Let us use this model for the same dataset.

results_missing_2 <- compute_results(datasets_missing, backend_missing_2, gen_quants = log_lik_gq, 
                    cache_mode = "results", 
                    cache_location = file.path(cache_dir, "missing_2"))
## Results loaded from cache file 'missing_2'
##  - 20 (10%) fits had at least one Rhat > 1.01. Largest Rhat was 1.031.
## Not all diagnostics are OK.
## You can learn more by inspecting $default_diagnostics, $backend_diagnostics 
## and/or investigating $outputs/$messages/$warnings for detailed output from the backend.

The contraction plot would not show anything suspicious - we get decent contraction

plot_contraction(results_missing_2, prior_sd, parameters = "mu")

Similarly, our posterior estimates now cluster around the true values.

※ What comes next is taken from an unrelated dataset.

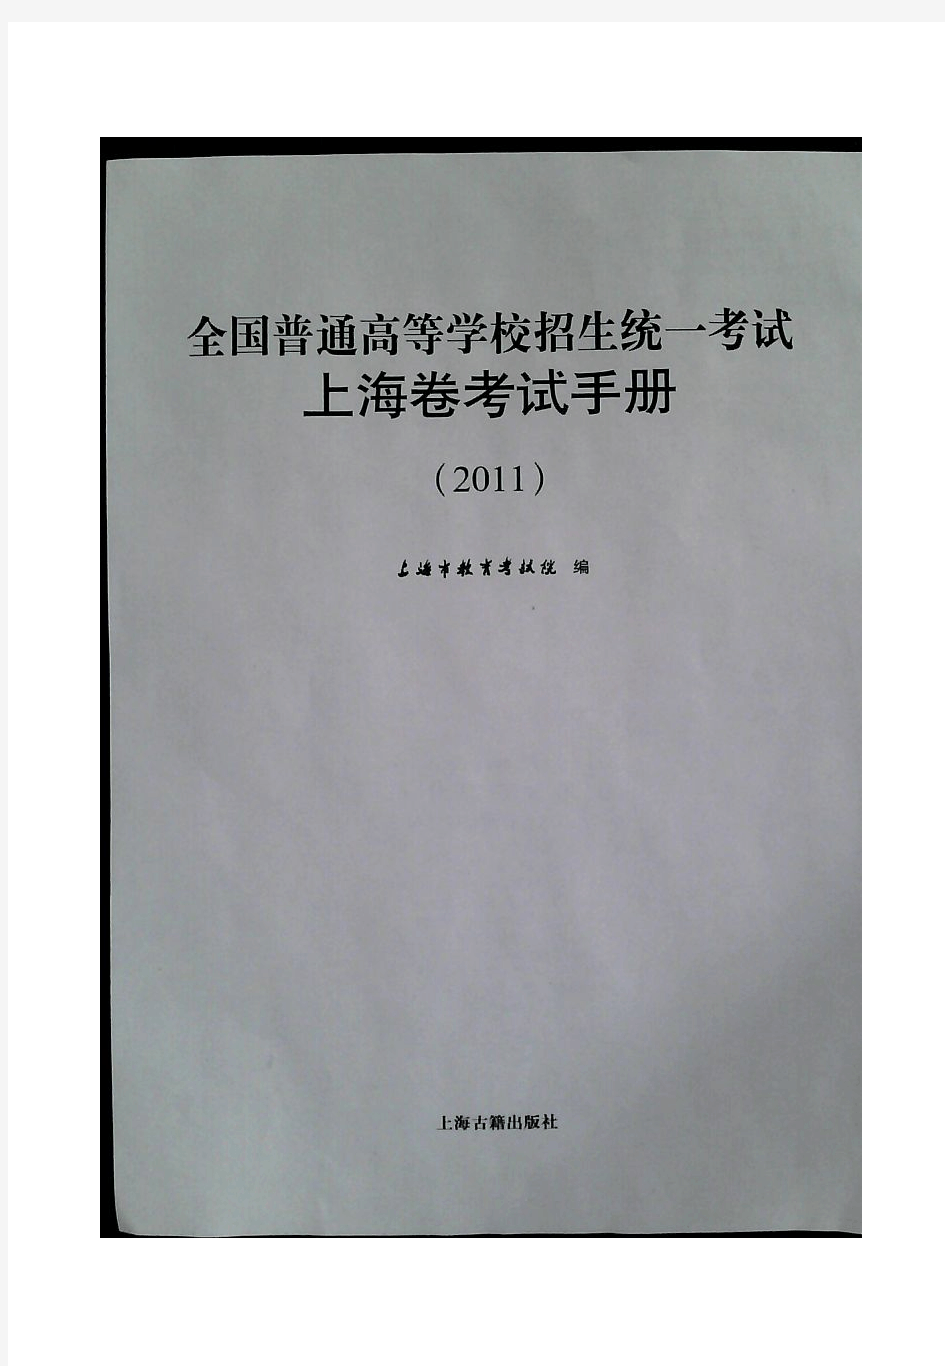 2011年上海高考考纲(完整pdf版)生物

plot_sim_estimated(results_missing_2, parameters = "mu", alpha = 0.5)

Now contraction is pretty high, and mu is behaving well, but our log_lik generated quantity shows a clear problem

plot_ecdf_diff(results_missing_2)

plot_rank_hist(results_missing_2)

We could definitely find even smaller deviations than omitting half the data points, that would however require more simulations for the SBC. This boils down to the earlier discussion on small changes to the model - omitting a few data points does not change the posterior very much in this case (as the model is simple and is already quite well informed by just a few data points) and thus it is harder to detect this problem by SBC - but it is possible.